En ce qui concerne l’onde verte vélo sur la rue de la Servette, le département de l’environnement, des transports et de l’agriculture (DETA) précise que cette dernière aura lieu dans le sens de la descente et qu’elle permettra de gagner deux minutes entre le carrefour du Bouchet et la rue de Lyon avec une vitesse moyenne de 25 km/h.

Empruntant cette rue presque tous les jours à vélo, je peux affirmer qu’il est possible d’atteindre cette vitesse à la seule et unique condition que les scooters et motos ne squattent pas la bande cyclable, empêchant ainsi régulièrement les cyclistes de remonter la file, et ne se mettent pas à la place prévue pour les cyclistes aux feux. Or, ce n’est bien évidemment pas le cas ! Le DETA a-t-il prévu de demander à la police de faire des contrôles réguliers? Si tel n’est pas le cas, cette mesure sera inutile.

Quant à la création d’une bande cyclable à Plainpalais, suite à la suppression de feux à vingt carrefours dans le canton, le DETA précise dans son communiqué de presse (1) qu’elle sera accompagnée de 38 places de parking pour les motos et de…6 places pour les vélos ! On voudrait encourager la circulation des deux roues motorisés au centre ville qu’on ne s’y prendrait pas autrement, alors que c’est la mobilité douce et les transports publics qui doivent l’être.

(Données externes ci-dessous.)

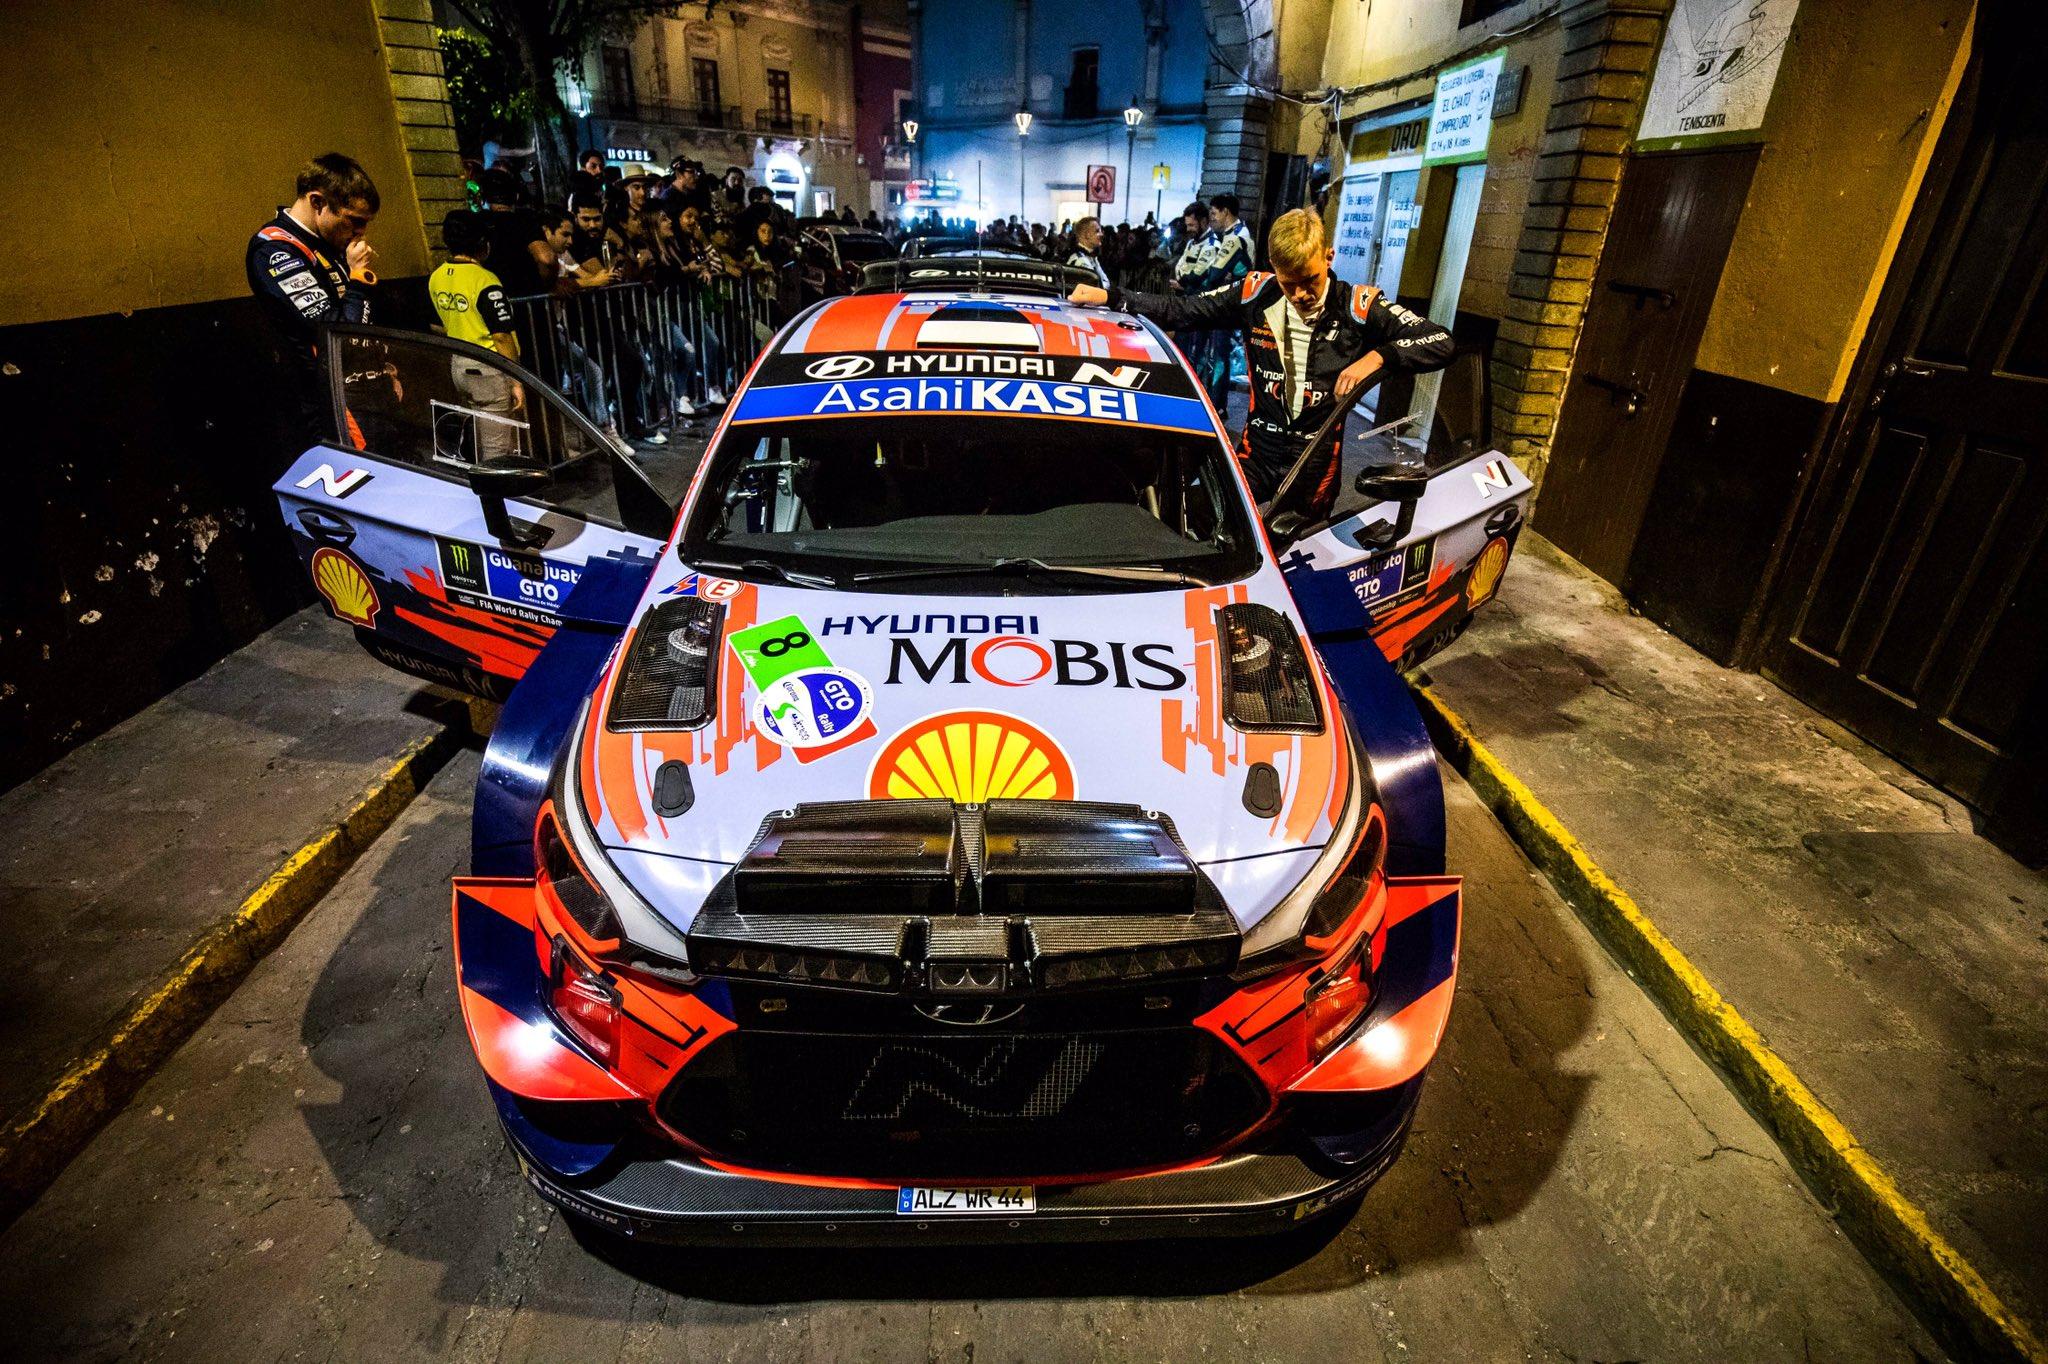 WRC: 17º Rallye Guanajuato Corona - México [12-15 Marzo] - Página 2 ES-Hpo5WkAAgqvA?format=jpg&name=large

En conclusion, le DETA poursuit sa politique qui vise à faire plaisir à tout le monde, sans opérer des véritables choix. C’est peut-être payant sur un plan électoral à court terme, mais insuffisant pour encourager les habitant-e-s de ce canton à prendre les transports publics et/ou le vélo. C’est pourtant un enjeu primordial de santé publique quand l’on sait que plus de 3000 Suisses décèdent chaque année des suites de la pollution atmosphérique.